4. You arrive in the Script window, where you have to open the avenue script ‘bvreg.ave’ This is a text file and for your convenience it is placed in the same folder as the Theme file, ‘15_Lake_Kad_regr’. Go to Script/Load Text File... (Figure 15.8).

5. The load script window will appear. Go to the correct subdirectory and select the ‘bvreg.ave’ script and click OK (Figure 15.9).

FIGURE 15.8
Loading a script text file

FIGURE 15.9
Selection of the regression script

For running the script you have to know some tricks. First you must compile the script. ‘Compiling’ simply means that ArcView checks the code text for errors and then converts the code into a format that ArcView can run directly. After you click the ‘Compile button’(Figure 15.10) you will see the button next to it with the running person becomes active. This is the button for running the script. If you click on this button you will get an error message: ‘A(n) project does not recognize request GetActiveThemes’(Figure 15.11).

FIGURE 15.10
Compiling a script

FIGURE 15.11
Regression error message

The basic reason we get this error message is that ArcView does not know where to look for the data to perform the analysis. The simplest way to tell it is to open the View, find the Theme which contains the data for the regression analysis, and make that Theme active. The way to do this seems complicated, but do not worry, it works and once you have done it several times you know the trick. Basically you have to tile the window so that the View and the Script window are visible. Then you can switch from one to the other.

6. Go in the script window to Window/Tile via the menu bar (Figure 15.12). You will get two windows on your screen. Open the view (Figure 15.13).

FIGURE 15.12
Tiling in the script view

FIGURE 15.13
Tiled script and view window

7. After opening your View, tile the windows again via Window/Tile in the menu bar. You should now see three open windows in your project, and your View window should be your active window. You can see this because the window bar of this window is blue. Your View should have four Themes listed. Click on the words ‘Fishing village lake kadim.shp’ (not on the checkbox) to make the Theme active. Now ArcView will know which Theme contains the data for regression analysis (Figure 15.14).

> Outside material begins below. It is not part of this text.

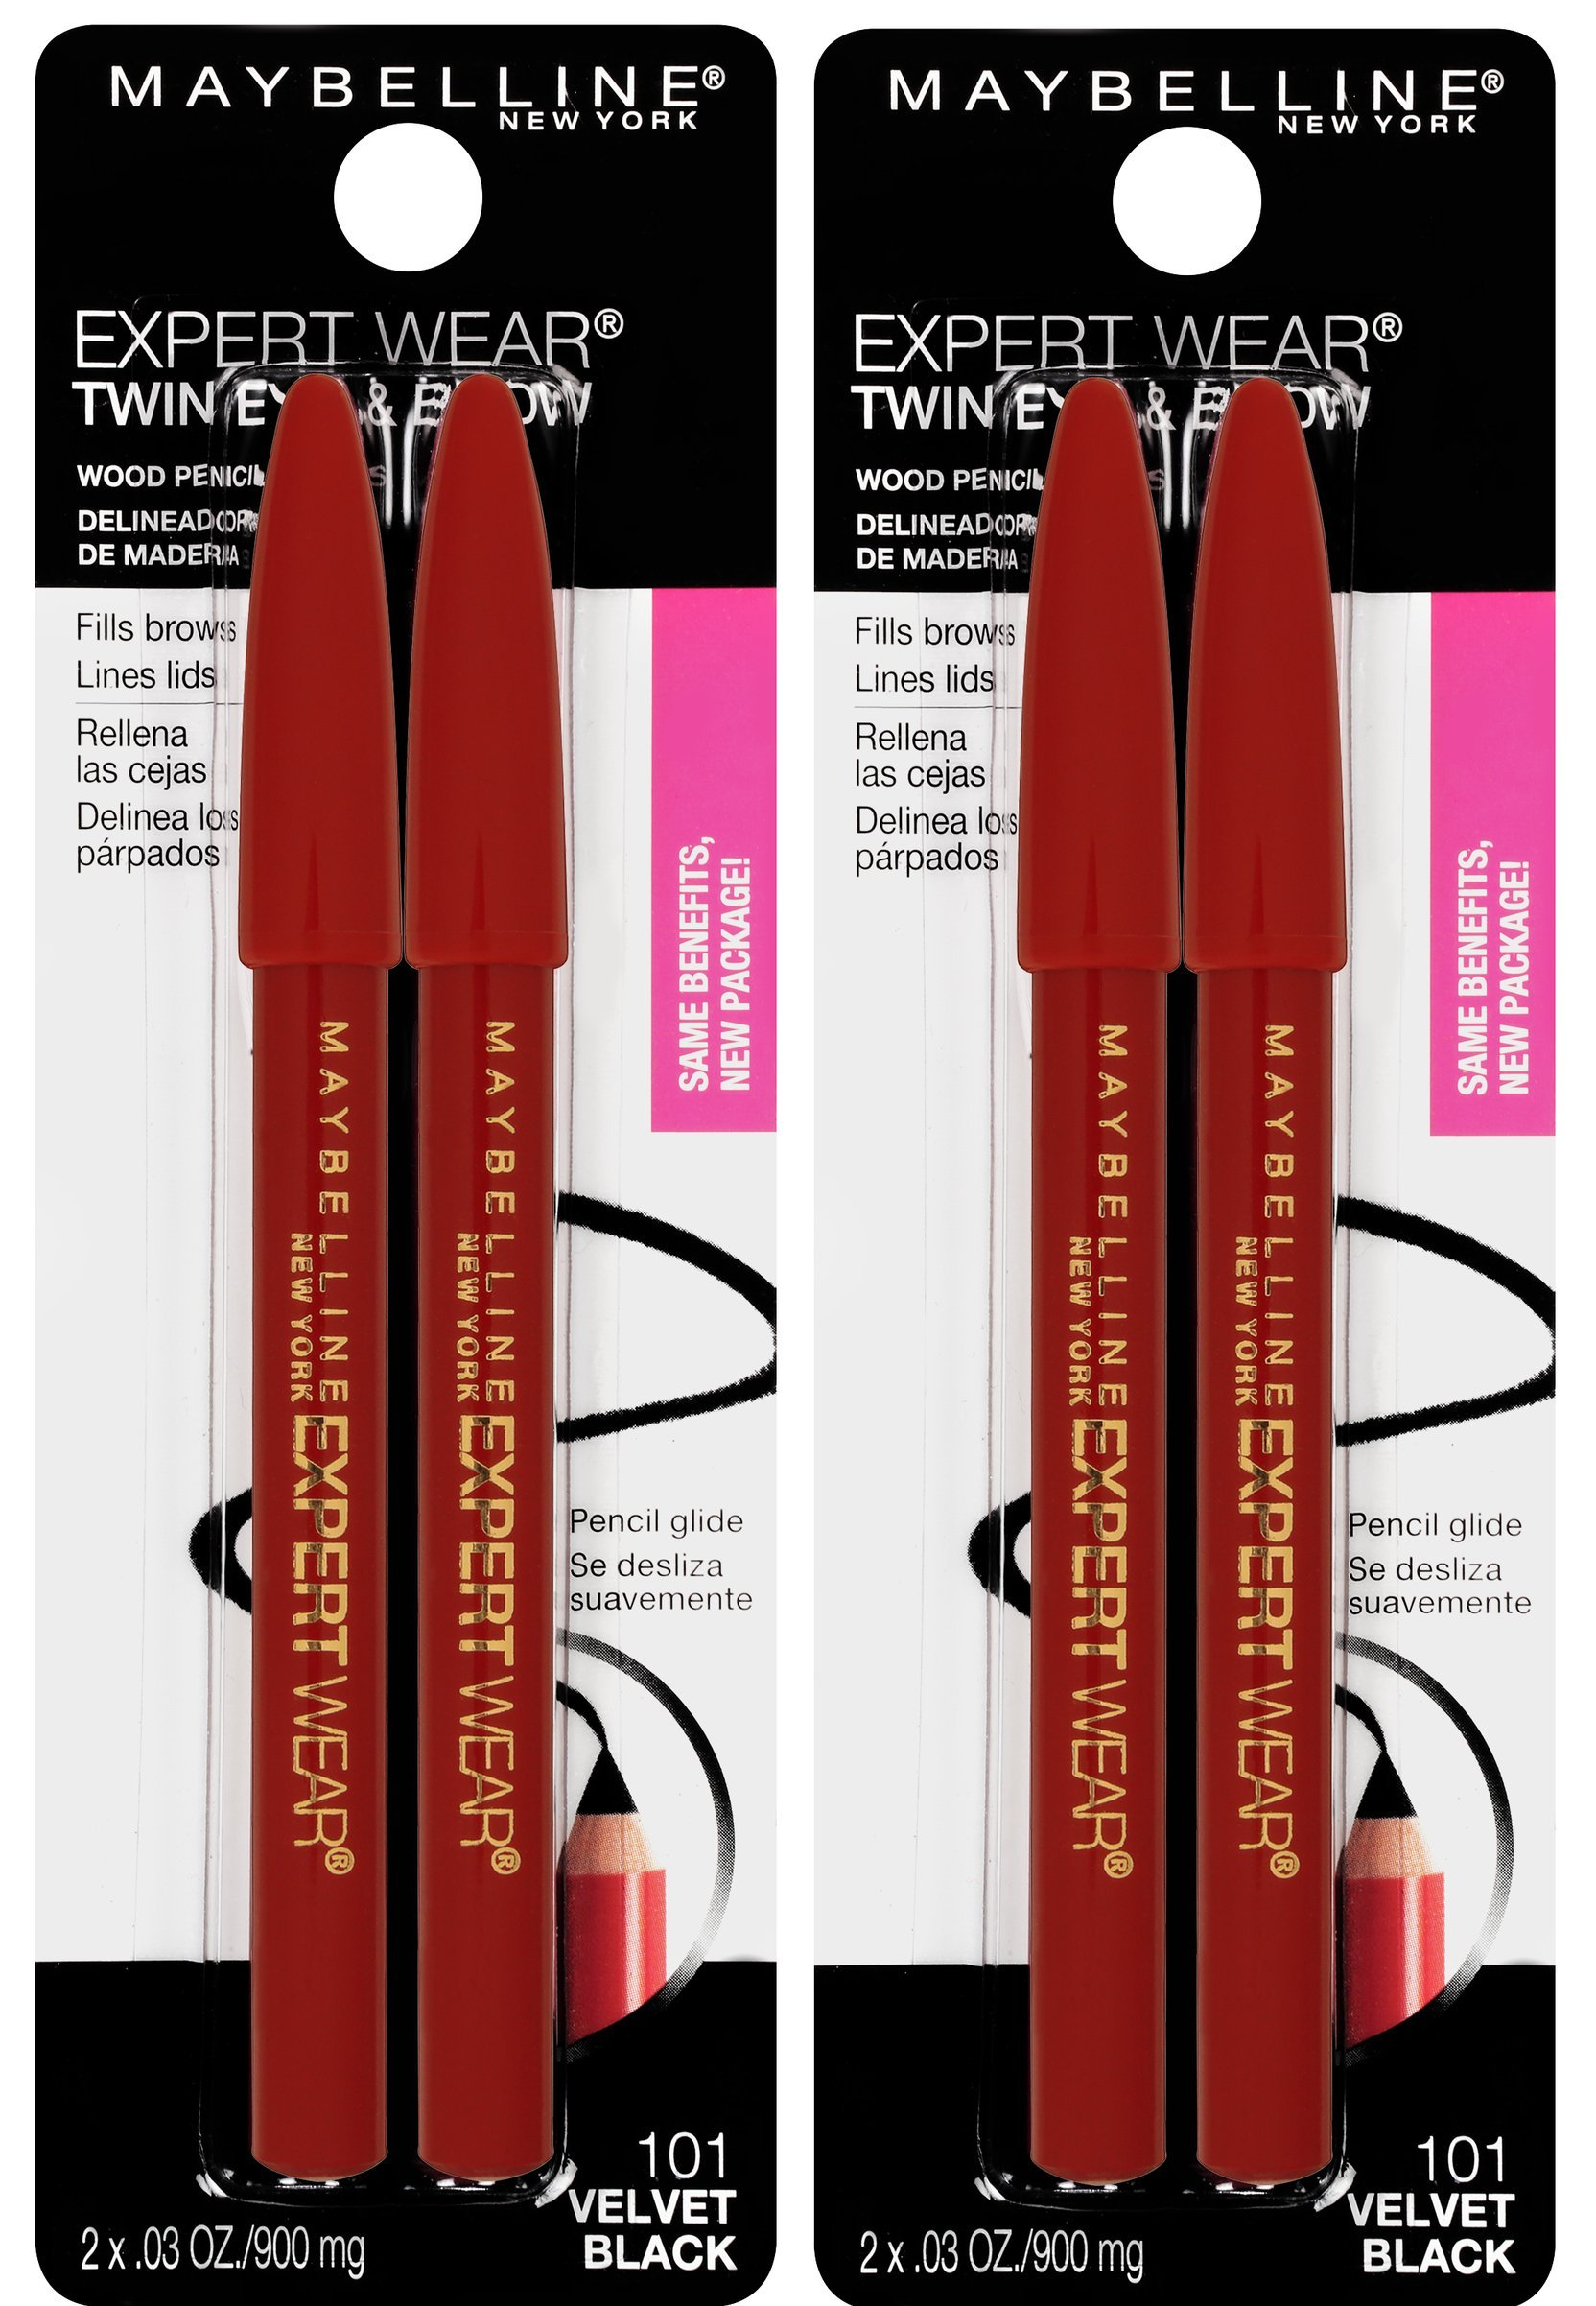 Maybelline New York Expert Wear Twin Brow & Eye Pencils Makeup, Velvet Black, 2 Count Twin (total 4 pencils ), 2 Count (Pack of 2)

8. Go back to the script window by clicking somewhere inside it, and then click on the Run script button (Figure 15.15).

FIGURE 15.14
Activating the data theme for regression

FIGURE 15.15
Running the script

9. The Bivariate regression window will appear. First you have to indicate the independent variable (X): ‘Fishermen’ (Figure 15.16), after selecting ‘Fishermen’ click OK. In the next window you indicate the dependent variable (Y), ‘Gill_nets’ (Figure 15.17), and Click OK.

FIGURE 15.16
Selecting the independent variable

FIGURE 15.17
Selecting the dependent variable

10. The Bivariate regression results window appears providing the results of the regression. In this case the results are similar to the calculation we made before, click OK. In the next window you will be asked if you want to create a scatter plot. Click Yes and the scatterplot with the calculated regression appears (Figure 15.19).

FIGURE 15.18
Bivariate regression results

FIGURE 15.19
The scatterplot of the calculated regression

15.2.1. Regression analysis of Lake Kadim data using an avenue script

Make the regression analysis between the number of fishers and the CPUE with data from the theme ‘Fishing villages of Lake Kadim’ and compare them with the results of the analysis carried out in Excel.

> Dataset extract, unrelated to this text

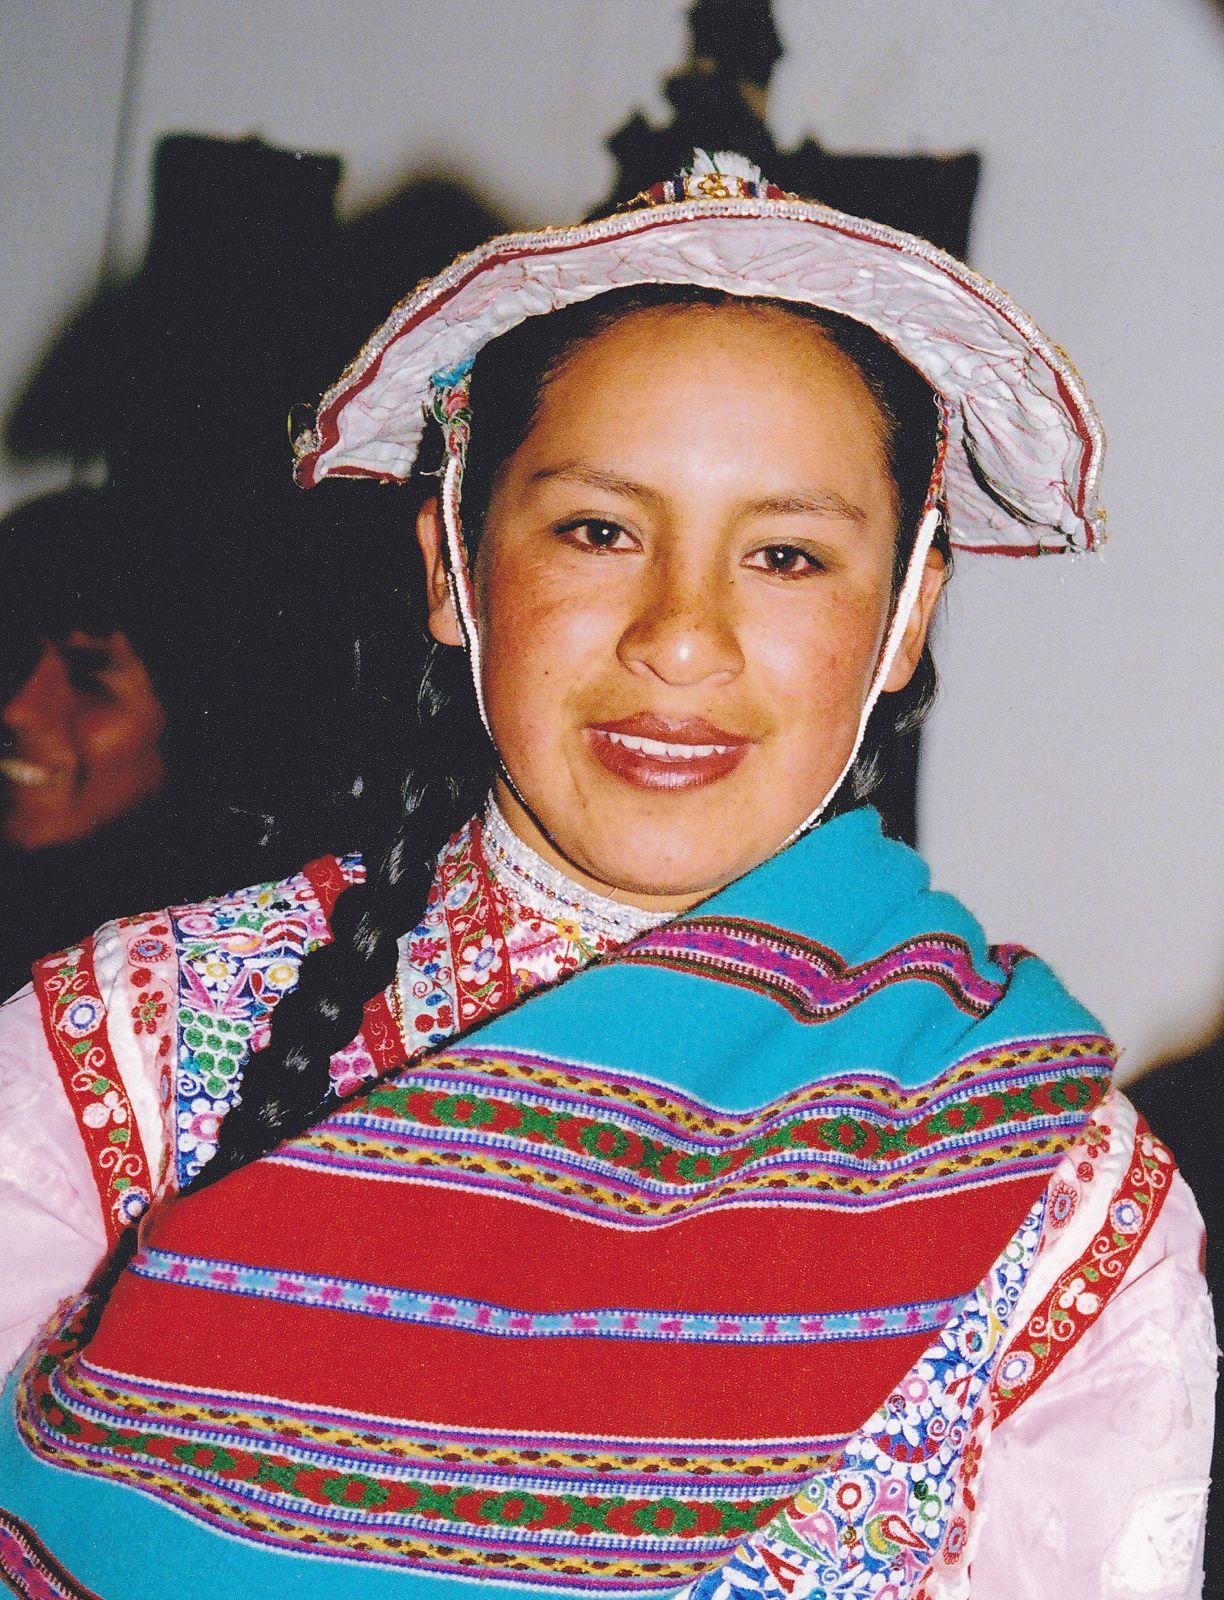 Peru women showing skin really

Make a number of regression analyses with the data from the Theme Lake Kadim data and fill in Table 15.3.

TABLE 15.3
Results of regression analysis of the raw data of Lake Kadim

Parameters	a	b	R-square
Water depth - carp larvae
Water depth - clupeid larvae
Water depth - adult carp
Water temperature - carp larvae
Water temperature - clupeid larvae
Water temperature - adult carp
Chlorophyll - carp larvae
Chlorophyll - clupeid larvae
Chlorophyll - adult carp

From this exercise you see that this script has limitations for the number of points in a scatter plot. The script works well if you want to make a quick regression between a small number of data. However, for a more profound analysis with large data sets it is easier to import the attribute table of the Theme into Excel and or into statistical software^[24]such as SPSS, Minitab, Sysstat, or others, and carry out the analysis with these programs.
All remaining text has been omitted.